◆ Data provided ◆
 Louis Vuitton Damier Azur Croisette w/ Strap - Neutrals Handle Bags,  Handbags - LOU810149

---

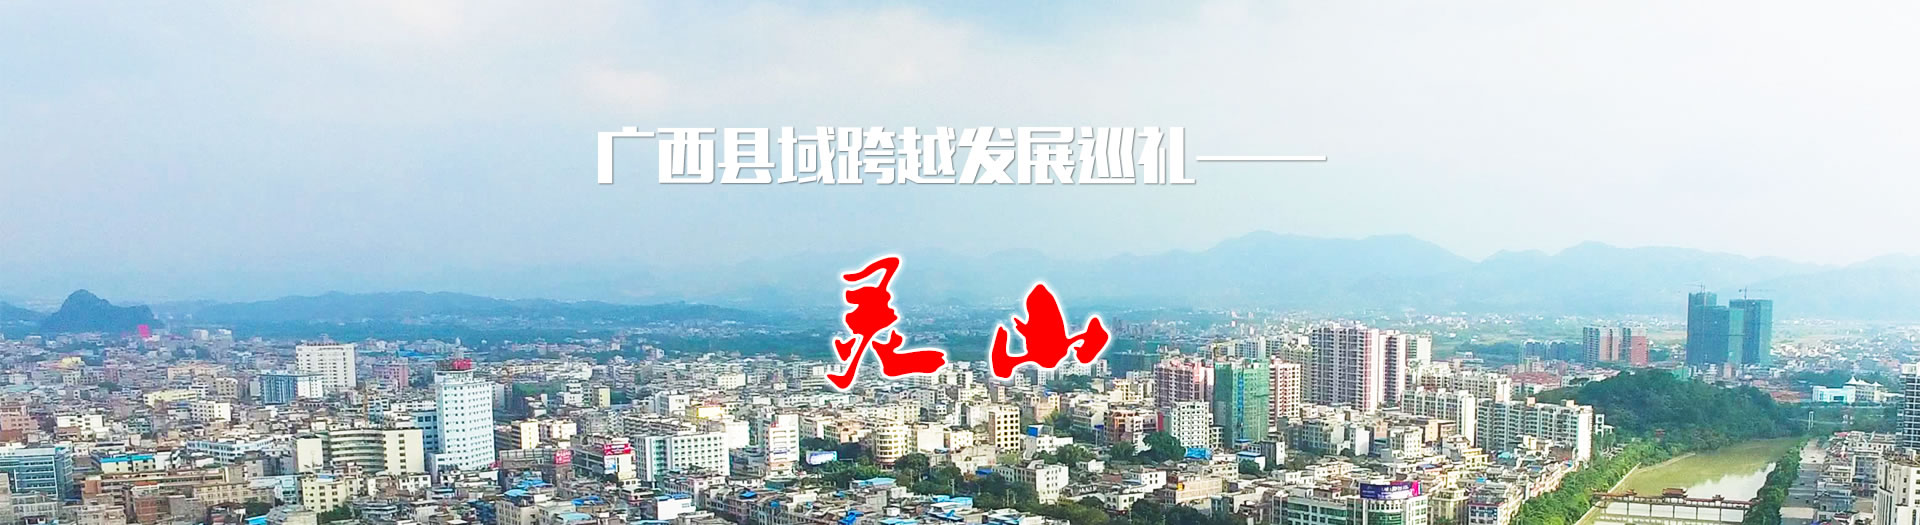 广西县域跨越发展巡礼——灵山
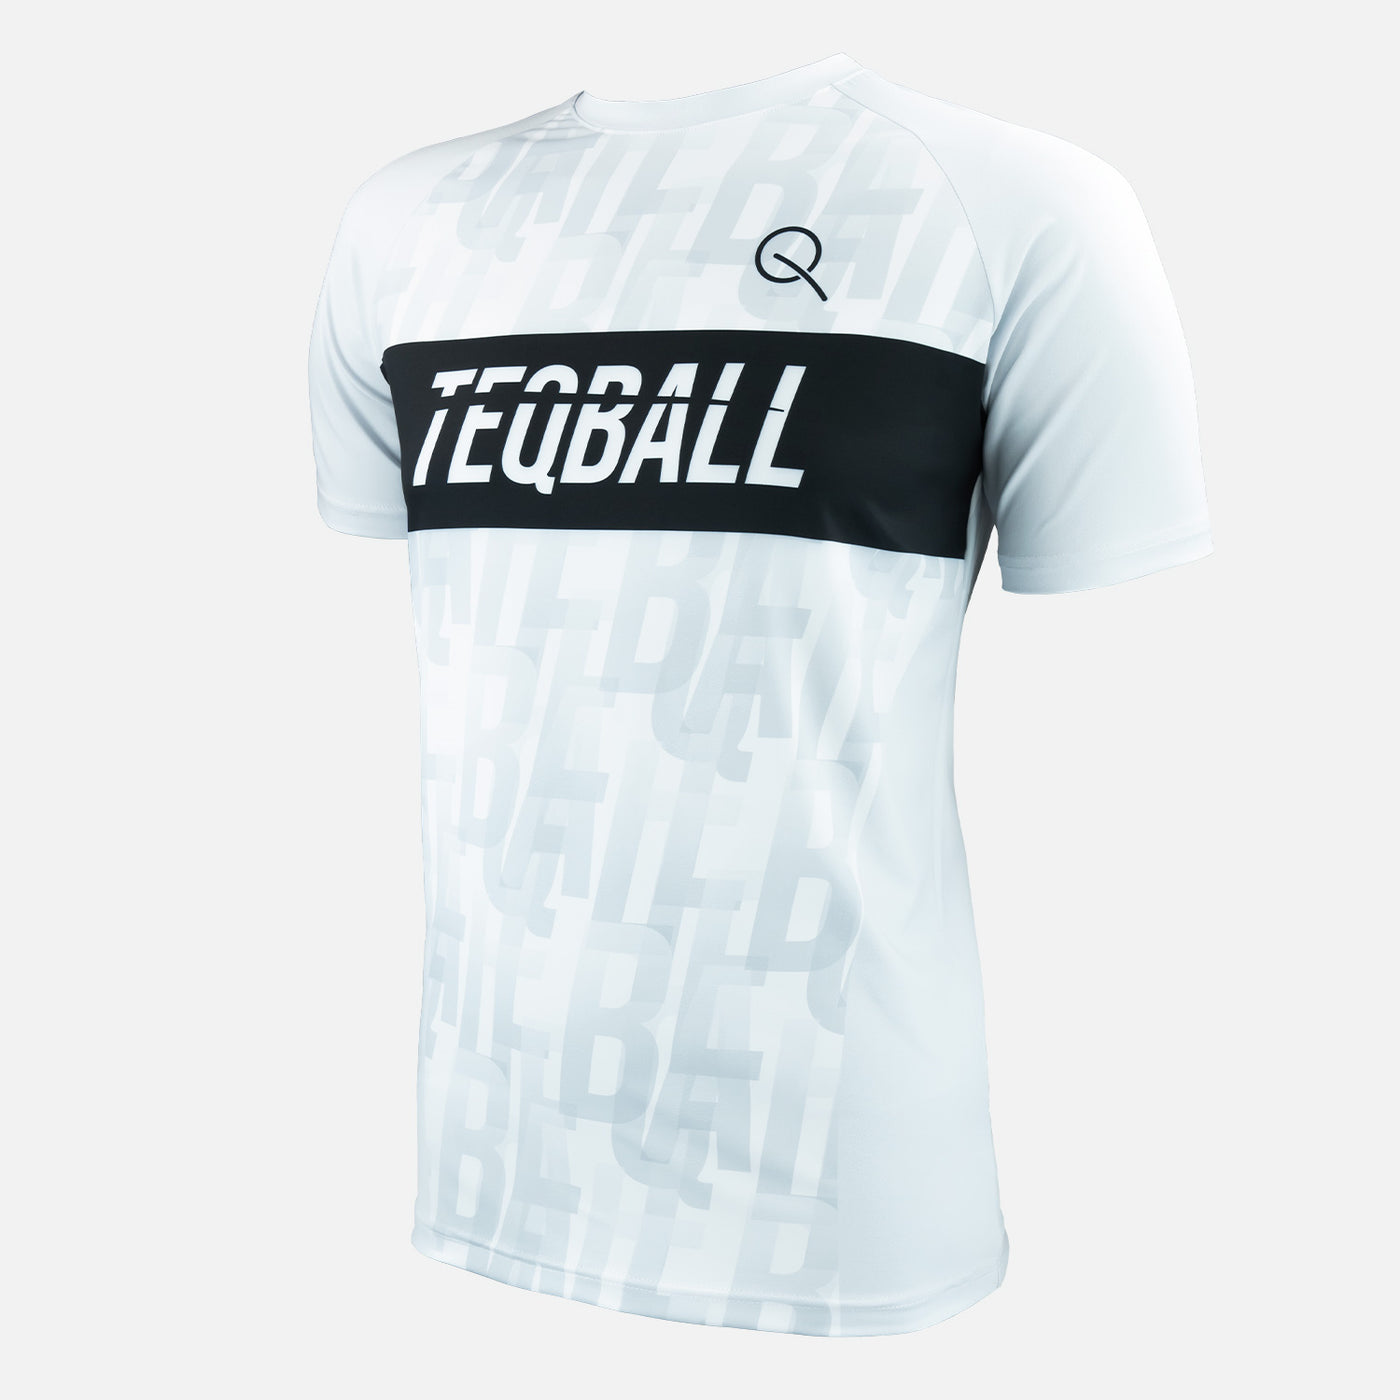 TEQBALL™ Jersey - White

* * *

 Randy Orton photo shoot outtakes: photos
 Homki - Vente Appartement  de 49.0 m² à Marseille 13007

◆ Task requirements ◆
From the line containing "Randy Orton photo shoot outtakes: photos" down to the line containing "Homki - Vente" in the material above, reproduce every line exactly, including the two end lines.

◆ Task output ◆
 Randy Orton photo shoot outtakes: photos
 Homki - Vente Appartement  de 49.0 m² à Marseille 13007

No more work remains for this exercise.